» **WORK INSTRUCTION**
Print the listing below a second time, exactly, and omit its images.

» **PROVIDED MATERIAL**
========

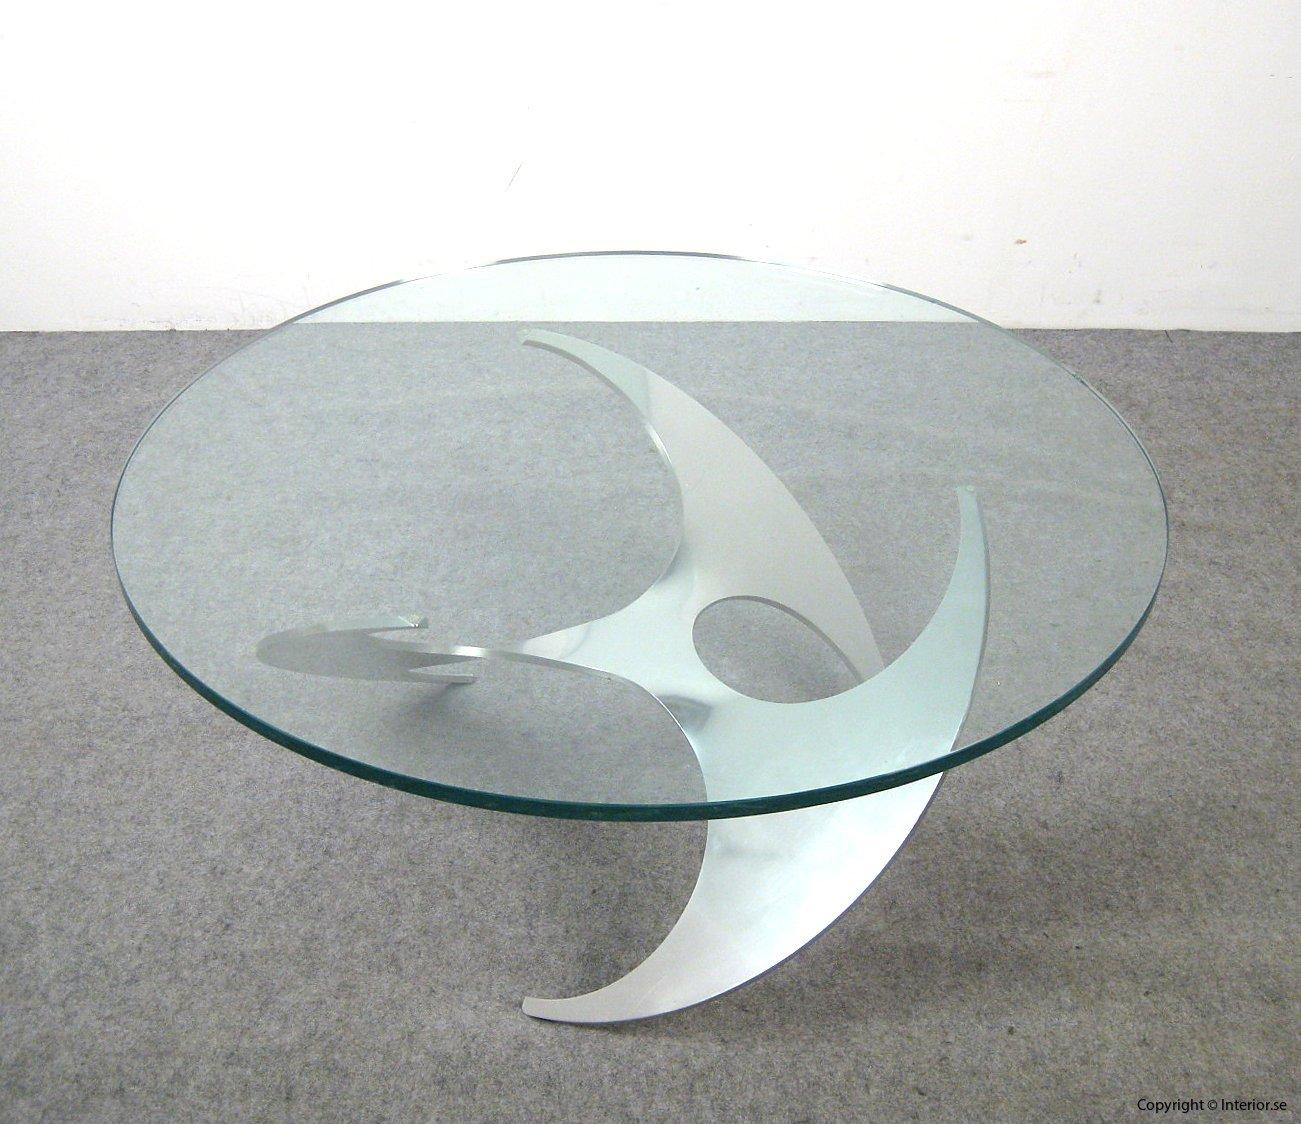 Soffbord coffee table couchtisch, Ronald Schmitt Propeller - Knut Hesterberg 3
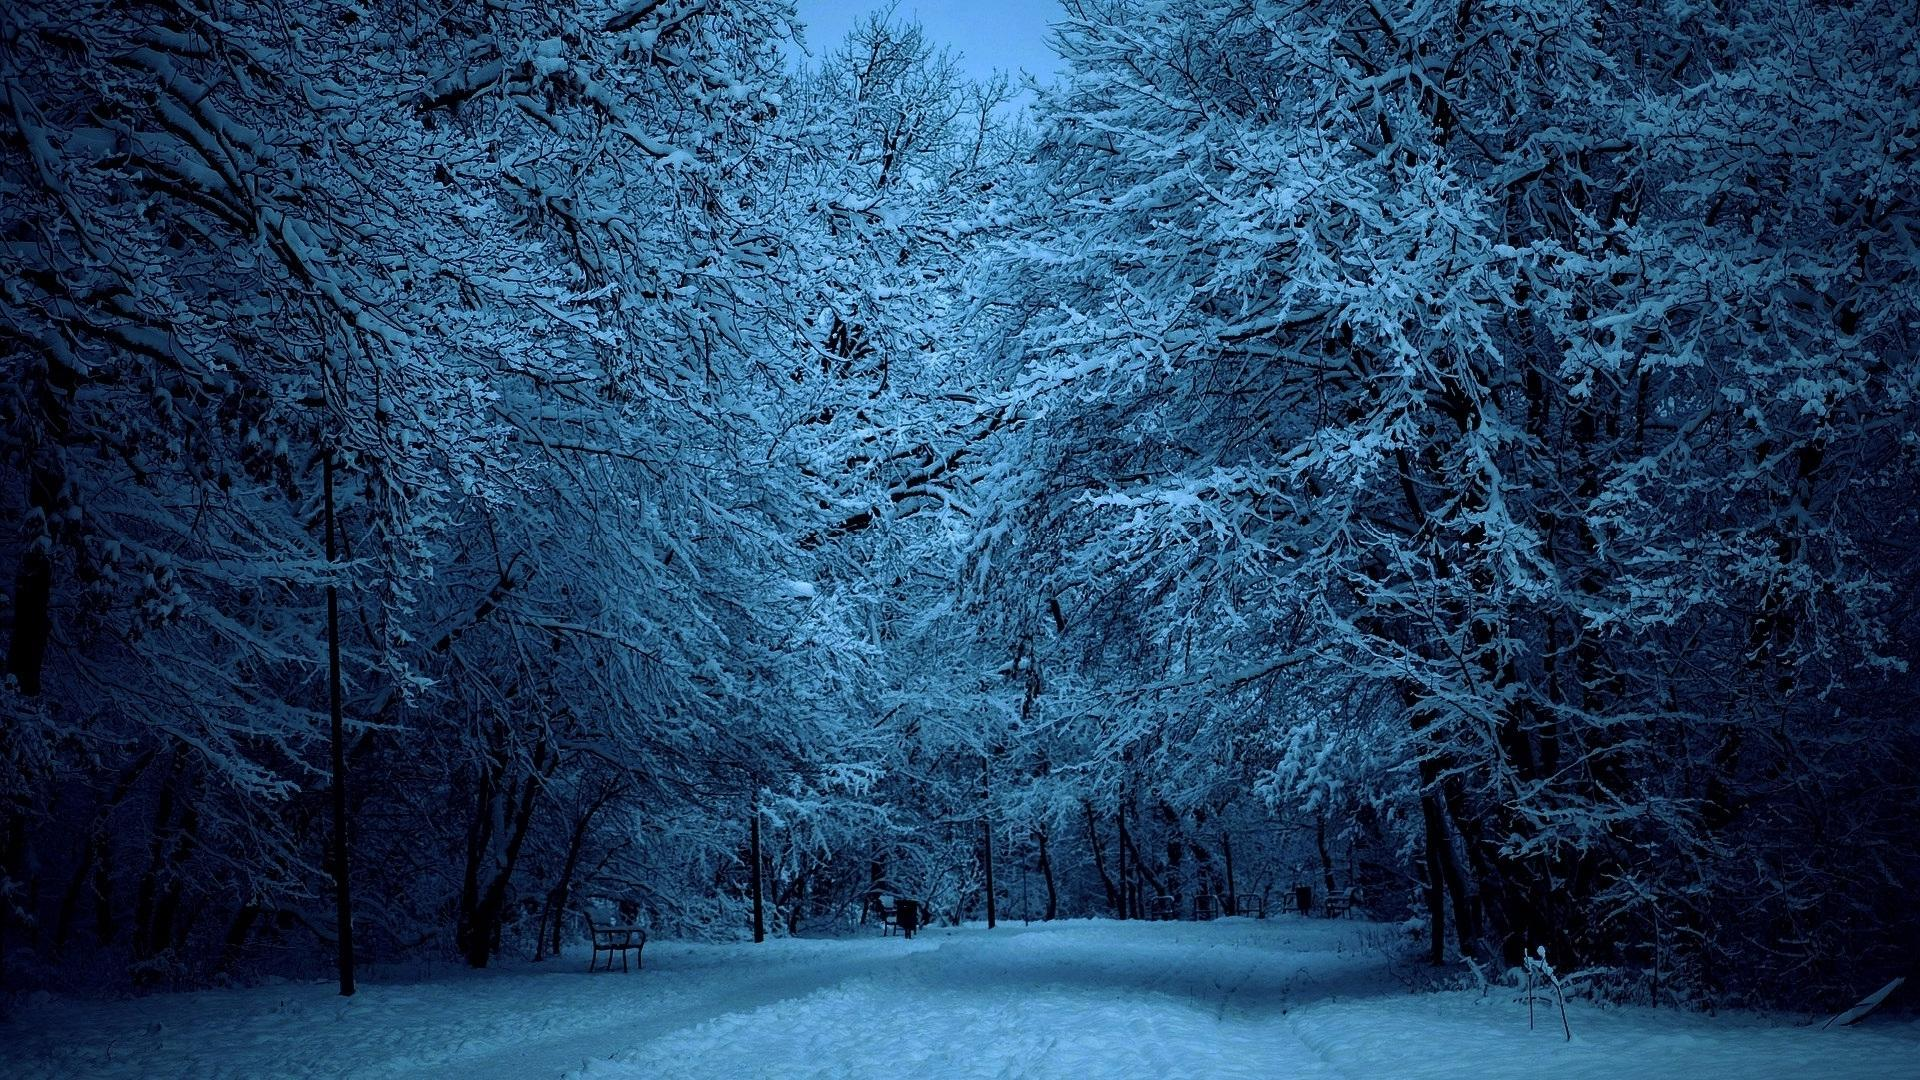 Nature Winter Tree Snow Snowy trees HD Wallpapers Desktop 1920x1080
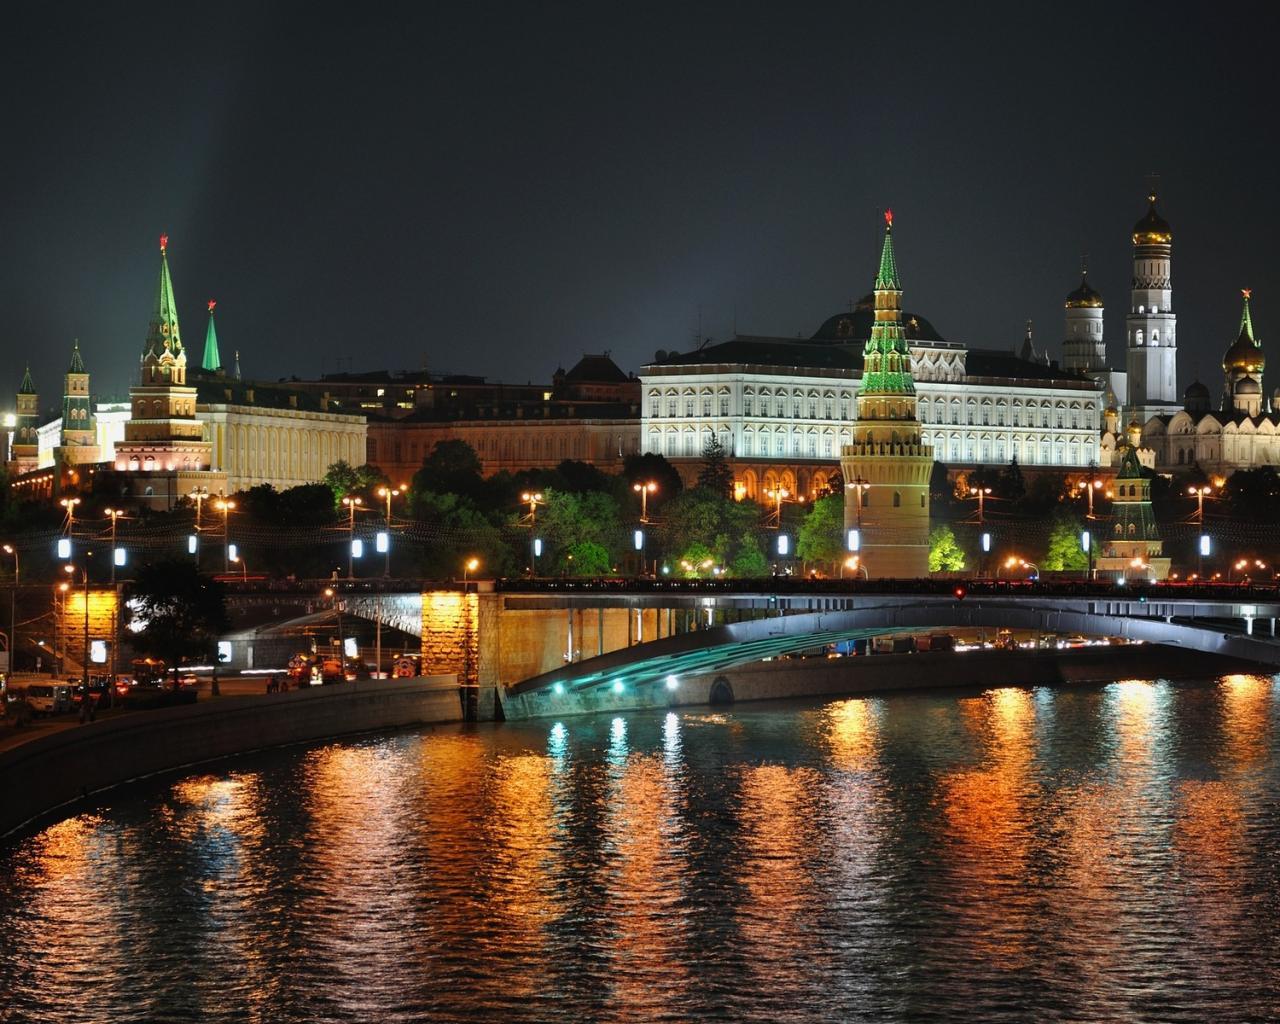 Ночная Москва обои для рабочего стола, картинки, фото ...: http://hq-wallpapers.ru/wallpapers/city/pic14144_raz1280x1024

========

» **WRITTEN REPLY**
 Soffbord coffee table couchtisch, Ronald Schmitt Propeller - Knut Hesterberg 3
 Nature Winter Tree Snow Snowy trees HD Wallpapers Desktop 1920x1080
 Ночная Москва обои для рабочего стола, картинки, фото ...: http://hq-wallpapers.ru/wallpapers/city/pic14144_raz1280x1024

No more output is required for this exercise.